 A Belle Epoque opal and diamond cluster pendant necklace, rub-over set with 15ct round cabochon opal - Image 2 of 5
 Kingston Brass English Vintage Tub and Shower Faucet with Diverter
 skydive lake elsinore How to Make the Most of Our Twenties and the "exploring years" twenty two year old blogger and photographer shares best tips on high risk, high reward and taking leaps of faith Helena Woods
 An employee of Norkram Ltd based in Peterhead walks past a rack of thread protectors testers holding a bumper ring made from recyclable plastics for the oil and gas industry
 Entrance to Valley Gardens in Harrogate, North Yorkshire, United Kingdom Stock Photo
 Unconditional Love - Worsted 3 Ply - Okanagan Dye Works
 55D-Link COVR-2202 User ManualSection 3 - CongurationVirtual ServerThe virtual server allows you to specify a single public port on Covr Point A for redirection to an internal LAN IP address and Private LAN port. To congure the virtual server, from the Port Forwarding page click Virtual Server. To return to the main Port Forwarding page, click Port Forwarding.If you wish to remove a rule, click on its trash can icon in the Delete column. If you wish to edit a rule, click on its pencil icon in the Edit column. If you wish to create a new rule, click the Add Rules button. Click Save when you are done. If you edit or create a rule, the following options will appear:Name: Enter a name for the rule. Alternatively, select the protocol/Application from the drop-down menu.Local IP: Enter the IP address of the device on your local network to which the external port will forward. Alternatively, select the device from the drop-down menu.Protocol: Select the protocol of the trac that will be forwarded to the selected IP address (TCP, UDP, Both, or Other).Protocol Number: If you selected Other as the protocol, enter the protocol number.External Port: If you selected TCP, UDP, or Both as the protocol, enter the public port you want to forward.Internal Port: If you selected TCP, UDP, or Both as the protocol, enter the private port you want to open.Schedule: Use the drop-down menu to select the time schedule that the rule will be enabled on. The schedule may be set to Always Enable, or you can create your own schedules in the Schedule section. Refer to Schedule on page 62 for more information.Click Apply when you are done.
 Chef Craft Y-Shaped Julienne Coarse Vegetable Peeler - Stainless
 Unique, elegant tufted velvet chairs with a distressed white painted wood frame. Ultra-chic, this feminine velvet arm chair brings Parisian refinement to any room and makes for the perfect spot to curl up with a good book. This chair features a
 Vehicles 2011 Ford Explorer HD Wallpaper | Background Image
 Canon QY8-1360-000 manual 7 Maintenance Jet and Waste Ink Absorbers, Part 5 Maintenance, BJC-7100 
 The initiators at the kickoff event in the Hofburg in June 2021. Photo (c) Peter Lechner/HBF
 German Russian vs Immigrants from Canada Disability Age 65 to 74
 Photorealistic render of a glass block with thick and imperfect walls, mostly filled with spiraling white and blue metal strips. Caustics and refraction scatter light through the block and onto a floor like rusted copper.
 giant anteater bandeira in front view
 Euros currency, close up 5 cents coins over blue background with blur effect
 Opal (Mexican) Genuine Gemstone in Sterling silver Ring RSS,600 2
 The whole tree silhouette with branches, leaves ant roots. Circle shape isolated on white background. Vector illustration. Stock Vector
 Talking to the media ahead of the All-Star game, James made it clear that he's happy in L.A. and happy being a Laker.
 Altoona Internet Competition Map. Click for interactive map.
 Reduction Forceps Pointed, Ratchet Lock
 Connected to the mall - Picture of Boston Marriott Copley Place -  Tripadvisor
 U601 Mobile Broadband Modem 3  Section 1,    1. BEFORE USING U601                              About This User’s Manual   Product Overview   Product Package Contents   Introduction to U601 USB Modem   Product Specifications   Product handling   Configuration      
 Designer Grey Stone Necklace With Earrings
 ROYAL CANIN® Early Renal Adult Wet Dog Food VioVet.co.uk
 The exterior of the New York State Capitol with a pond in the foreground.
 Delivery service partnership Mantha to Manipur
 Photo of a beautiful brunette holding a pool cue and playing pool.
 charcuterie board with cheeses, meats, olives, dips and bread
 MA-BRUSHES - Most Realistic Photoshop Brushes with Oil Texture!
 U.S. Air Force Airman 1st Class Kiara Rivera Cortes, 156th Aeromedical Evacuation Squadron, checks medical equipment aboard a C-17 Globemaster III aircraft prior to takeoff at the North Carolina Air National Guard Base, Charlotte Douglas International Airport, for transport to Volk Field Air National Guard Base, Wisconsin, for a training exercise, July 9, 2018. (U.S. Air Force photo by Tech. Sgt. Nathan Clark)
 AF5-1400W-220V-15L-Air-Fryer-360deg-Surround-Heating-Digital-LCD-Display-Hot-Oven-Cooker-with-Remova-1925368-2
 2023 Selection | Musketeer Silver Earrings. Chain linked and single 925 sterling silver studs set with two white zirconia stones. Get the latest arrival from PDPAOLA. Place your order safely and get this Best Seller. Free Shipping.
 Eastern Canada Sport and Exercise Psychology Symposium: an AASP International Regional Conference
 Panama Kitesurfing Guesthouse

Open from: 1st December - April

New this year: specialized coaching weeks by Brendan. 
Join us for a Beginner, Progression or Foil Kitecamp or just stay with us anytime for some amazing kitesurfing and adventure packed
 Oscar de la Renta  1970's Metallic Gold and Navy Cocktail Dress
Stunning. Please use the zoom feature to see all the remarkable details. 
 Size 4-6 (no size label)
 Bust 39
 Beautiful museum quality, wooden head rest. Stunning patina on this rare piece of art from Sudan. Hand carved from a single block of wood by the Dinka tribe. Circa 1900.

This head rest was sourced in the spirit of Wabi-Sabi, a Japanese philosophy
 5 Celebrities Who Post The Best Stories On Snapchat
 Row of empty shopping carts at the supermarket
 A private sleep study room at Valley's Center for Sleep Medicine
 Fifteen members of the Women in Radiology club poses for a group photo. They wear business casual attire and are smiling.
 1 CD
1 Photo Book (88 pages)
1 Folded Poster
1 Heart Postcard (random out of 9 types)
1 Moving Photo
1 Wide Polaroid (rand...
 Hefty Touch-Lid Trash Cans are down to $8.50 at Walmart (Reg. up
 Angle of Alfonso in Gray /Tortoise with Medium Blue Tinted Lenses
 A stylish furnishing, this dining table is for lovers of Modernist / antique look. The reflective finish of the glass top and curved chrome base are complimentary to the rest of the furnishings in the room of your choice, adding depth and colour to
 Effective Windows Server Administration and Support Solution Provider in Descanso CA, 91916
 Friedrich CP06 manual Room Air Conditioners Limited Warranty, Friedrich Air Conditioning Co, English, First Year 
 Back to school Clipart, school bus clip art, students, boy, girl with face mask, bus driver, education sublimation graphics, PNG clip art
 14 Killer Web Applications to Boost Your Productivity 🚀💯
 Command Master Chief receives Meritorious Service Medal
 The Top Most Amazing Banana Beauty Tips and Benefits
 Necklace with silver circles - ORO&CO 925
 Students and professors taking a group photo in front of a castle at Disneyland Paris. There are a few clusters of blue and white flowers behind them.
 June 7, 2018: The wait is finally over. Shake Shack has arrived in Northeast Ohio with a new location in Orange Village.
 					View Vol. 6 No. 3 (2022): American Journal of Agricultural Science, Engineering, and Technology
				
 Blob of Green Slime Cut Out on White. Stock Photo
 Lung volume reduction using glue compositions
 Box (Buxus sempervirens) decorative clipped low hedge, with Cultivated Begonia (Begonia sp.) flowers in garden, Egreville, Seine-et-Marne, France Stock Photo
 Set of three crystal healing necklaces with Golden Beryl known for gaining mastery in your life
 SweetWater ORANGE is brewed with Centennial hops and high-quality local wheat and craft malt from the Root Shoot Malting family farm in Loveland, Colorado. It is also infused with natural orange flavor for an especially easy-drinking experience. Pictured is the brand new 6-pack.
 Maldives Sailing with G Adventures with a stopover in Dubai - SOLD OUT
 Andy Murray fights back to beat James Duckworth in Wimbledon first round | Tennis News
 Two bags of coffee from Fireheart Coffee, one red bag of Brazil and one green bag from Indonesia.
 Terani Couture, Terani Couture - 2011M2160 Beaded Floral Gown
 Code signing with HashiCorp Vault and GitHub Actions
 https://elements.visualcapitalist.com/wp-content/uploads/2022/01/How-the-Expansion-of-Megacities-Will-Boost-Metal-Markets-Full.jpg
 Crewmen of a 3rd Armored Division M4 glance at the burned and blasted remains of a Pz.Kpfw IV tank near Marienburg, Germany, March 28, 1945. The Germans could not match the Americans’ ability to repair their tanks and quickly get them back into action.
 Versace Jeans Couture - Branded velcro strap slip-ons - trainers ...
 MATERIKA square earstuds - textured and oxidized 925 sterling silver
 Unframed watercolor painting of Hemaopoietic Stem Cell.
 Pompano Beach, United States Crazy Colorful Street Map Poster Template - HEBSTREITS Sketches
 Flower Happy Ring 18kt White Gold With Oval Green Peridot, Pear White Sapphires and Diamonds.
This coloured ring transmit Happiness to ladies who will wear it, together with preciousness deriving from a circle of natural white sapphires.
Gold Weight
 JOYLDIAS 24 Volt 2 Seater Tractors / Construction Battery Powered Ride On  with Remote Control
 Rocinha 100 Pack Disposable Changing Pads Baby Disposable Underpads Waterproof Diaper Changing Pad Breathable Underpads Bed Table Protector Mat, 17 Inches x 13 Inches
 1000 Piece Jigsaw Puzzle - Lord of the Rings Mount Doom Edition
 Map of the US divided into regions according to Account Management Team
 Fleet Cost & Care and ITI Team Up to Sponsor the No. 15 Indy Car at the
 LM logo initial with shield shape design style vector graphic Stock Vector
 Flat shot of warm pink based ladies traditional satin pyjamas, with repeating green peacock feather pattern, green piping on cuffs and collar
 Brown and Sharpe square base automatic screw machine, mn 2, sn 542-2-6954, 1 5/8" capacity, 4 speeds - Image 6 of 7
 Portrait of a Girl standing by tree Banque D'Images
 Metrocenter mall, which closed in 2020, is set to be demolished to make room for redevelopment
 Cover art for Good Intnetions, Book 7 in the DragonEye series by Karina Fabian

WORK REQUEST: Quote exactly the stretch of lines above that starts at the first one and ends at the line with "Unconditional Love - Worsted", and nothing beyond it.

ANSWER BELOW:
 A Belle Epoque opal and diamond cluster pendant necklace, rub-over set with 15ct round cabochon opal - Image 2 of 5
 Kingston Brass English Vintage Tub and Shower Faucet with Diverter
 skydive lake elsinore How to Make the Most of Our Twenties and the "exploring years" twenty two year old blogger and photographer shares best tips on high risk, high reward and taking leaps of faith Helena Woods
 An employee of Norkram Ltd based in Peterhead walks past a rack of thread protectors testers holding a bumper ring made from recyclable plastics for the oil and gas industry
 Entrance to Valley Gardens in Harrogate, North Yorkshire, United Kingdom Stock Photo
 Unconditional Love - Worsted 3 Ply - Okanagan Dye Works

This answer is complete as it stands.